As he said this, Mac turned on the receiver, and it instantly began to play with good volume and surprisingly good clarity.

"Well now! The patient is responding to treatment!" he said with a pleased grin as he tuned in several different stations. "Naturally I'll re-align all the tuned circuits and spray a new protective coating over the printed circuit. We'll keep the radio playing for a week or so and see if anything else shows up. If not, I'll send it back with a warning to the owner not to be surprised if trouble does pop up later. I hate to be so pessimistic, but I'm afraid it's next to impossible to get all the salt out of the thing; and a minute amount of that stuff will draw dampness and form a corrosive, short-circuiting solution that can put the set out of commission several weeks from now."

"What's' the idea back of using carbon tet?"

"Did you ever see a mechanic start a drowned-out car by squirting carbon tet from a fire extinguisher onto the plugs and inside the wet distributor? Carbon tetrachloride is very volatile and evaporates quickly. Apparently it has the ability to combine with water and take the water along with it as it evaporates. That gets rid of the moisture, but the only joker is that it still leaves the traces of salt. I'm hoping that spraying the whole circuit with Krylon will seal up these little particles of salt so that they can't attract moisture and renew their corrosive action at a later date."

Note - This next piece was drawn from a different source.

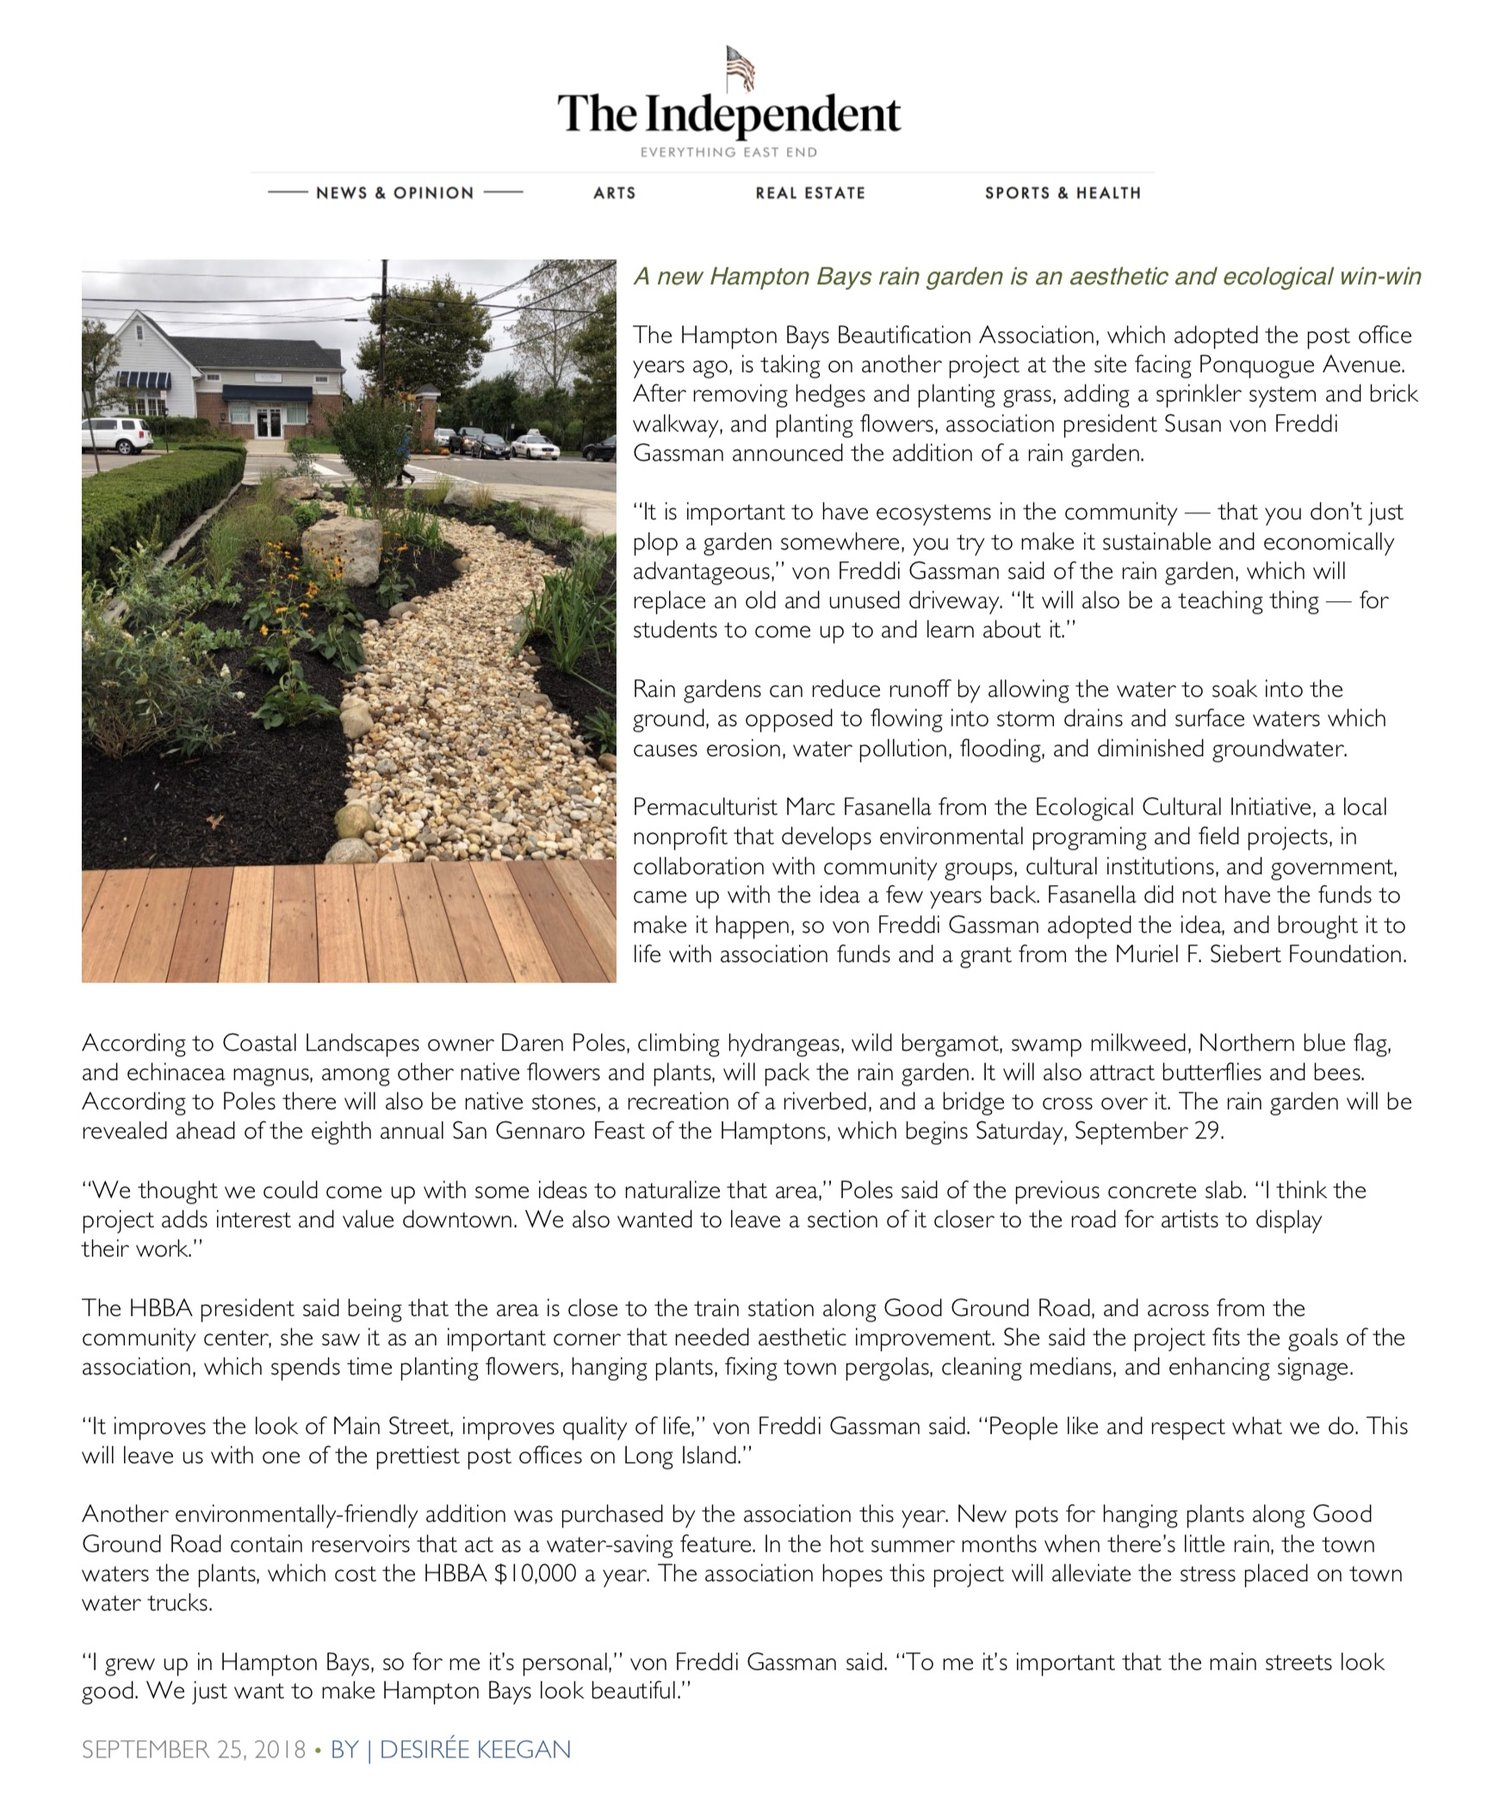 A new Hampton Bays rain garden is an aesthetic and

"You know something?" Barney asked. "I'm darned glad I'm a fresh-water service technician instead of a salt-water type. I'd never be able to sleep at night thinking about that slimy salt gnawing away quietly at my service jobs; and trying to decide when to try and repair a set that had been dropped into the drink and when to advise throwing it away. On the one hand, I wouldn't want to encourage the customer to waste his money on a set that probably never could be restored to its original condition; but on the other hand, it would gripe my soul to have some other technician do a successful repair on a receiver I said should be junked!"

"Yeah," Mac said sympathetically; "the horns of that dilemma could be called Ethics and Pride, and they could really gore you."

"Anyhow, it is a consoling thought that we aren't entirely alone in this predicament - I imagine most people in business get in that bind every once in a while."